Here is a picture from the Prada menswear show AW8. If you were to take a shirt and slit it down the back and then gird it with some horizontal braces and put it on Agyness Deane, I can guarantee that two things would happen: a) Victoria Beckham would be wearing the self-same shirt the following week b) a month later I would be standing on the tube looking at hordes of teenage girls shivering with cold backs.And yet, I don't agree with this assertion:
And yet I can also guarantee that you are not going to see this shirt on anyone. You will, in fact, never see it again. Why? Because men are not mugs. They don't wear stuff like this, they get women to wear stuff like this.
The extraordinary conservatism of men and their clothing is a twentieth century phenomenon. For a thousand years men dressed as peacocks. Now they don't. They dress for function. With some colour sense. Personally I find it quite boring, but perhaps it says something about a crisis of masculinity as a response to feminism - butch it out.If men stopped dressing like peacocks it's not a response to feminism, but rather because men's clothing reached its apotheosis with the suit.
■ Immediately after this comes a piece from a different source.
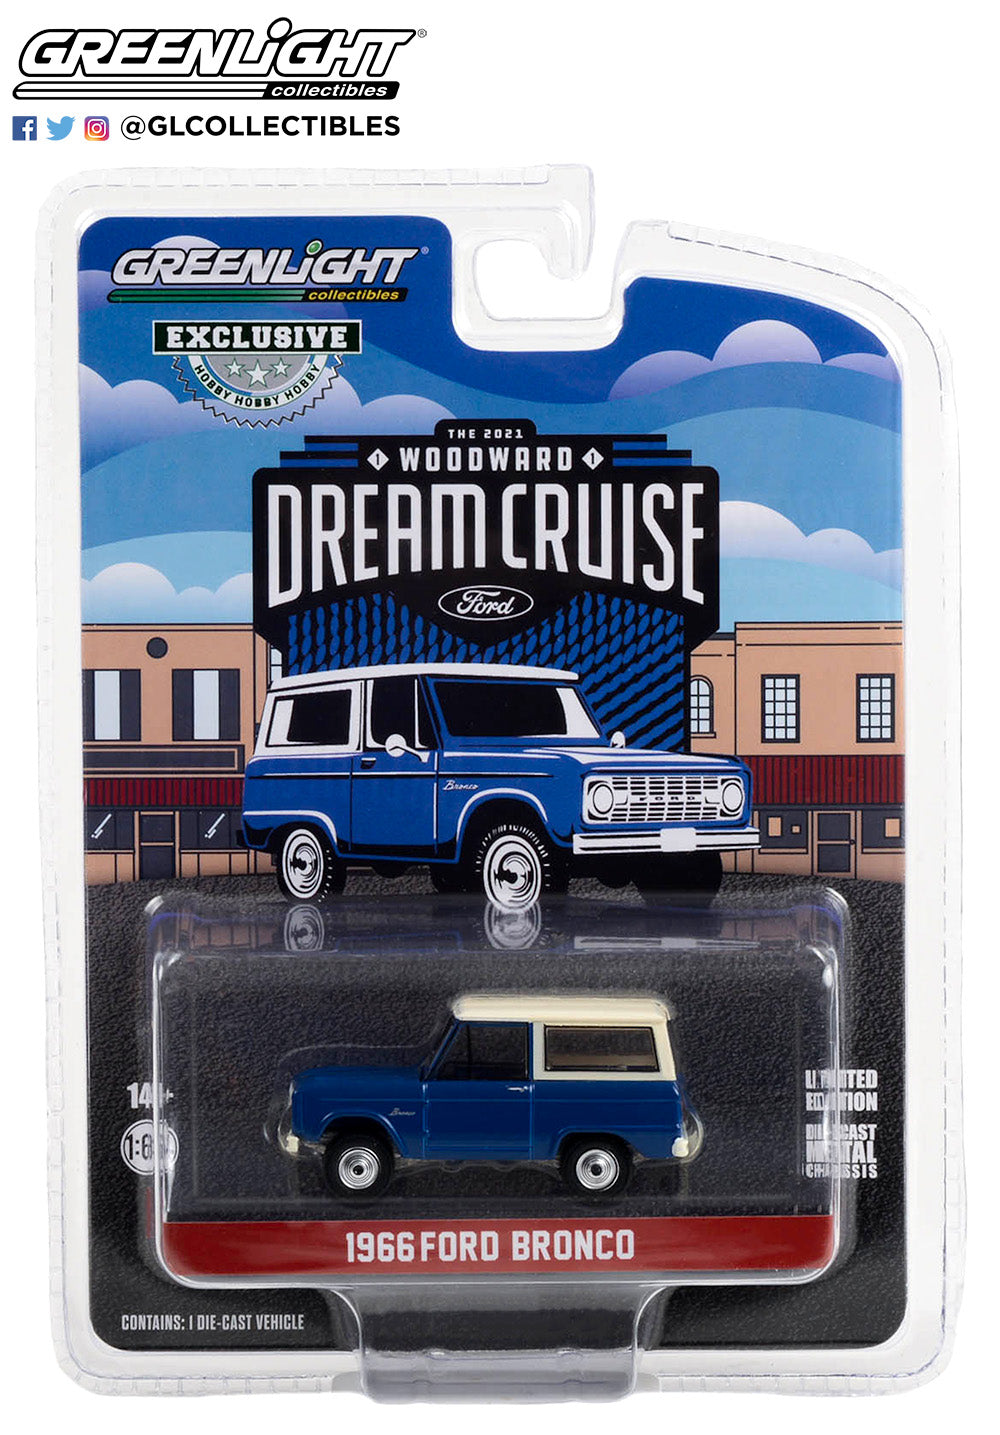 GreenLight 1:64 1966 Ford Bronco - 26th Annual Woodward Dream Cruise Featured Heritage Vehicle 30415

Cary Grant was the perfect man in the perfect suit.
But Fred Astaire, a man conspicuously without Grant's obvious physical perfection, knew how to wear a suit.
Brit Hume isn't the world's most handsome man, but he always looks well turned out, thanks to his suits.
The Duke of Windsor was, basically, nothing but a suit. Or rather, many suits. And a knot.
There is nothing more perfect than a man in a suit. Any man. You can take the most loathsome specimen off the street,
Pop him in a suit and all of a sudden he looks decent, even desirable.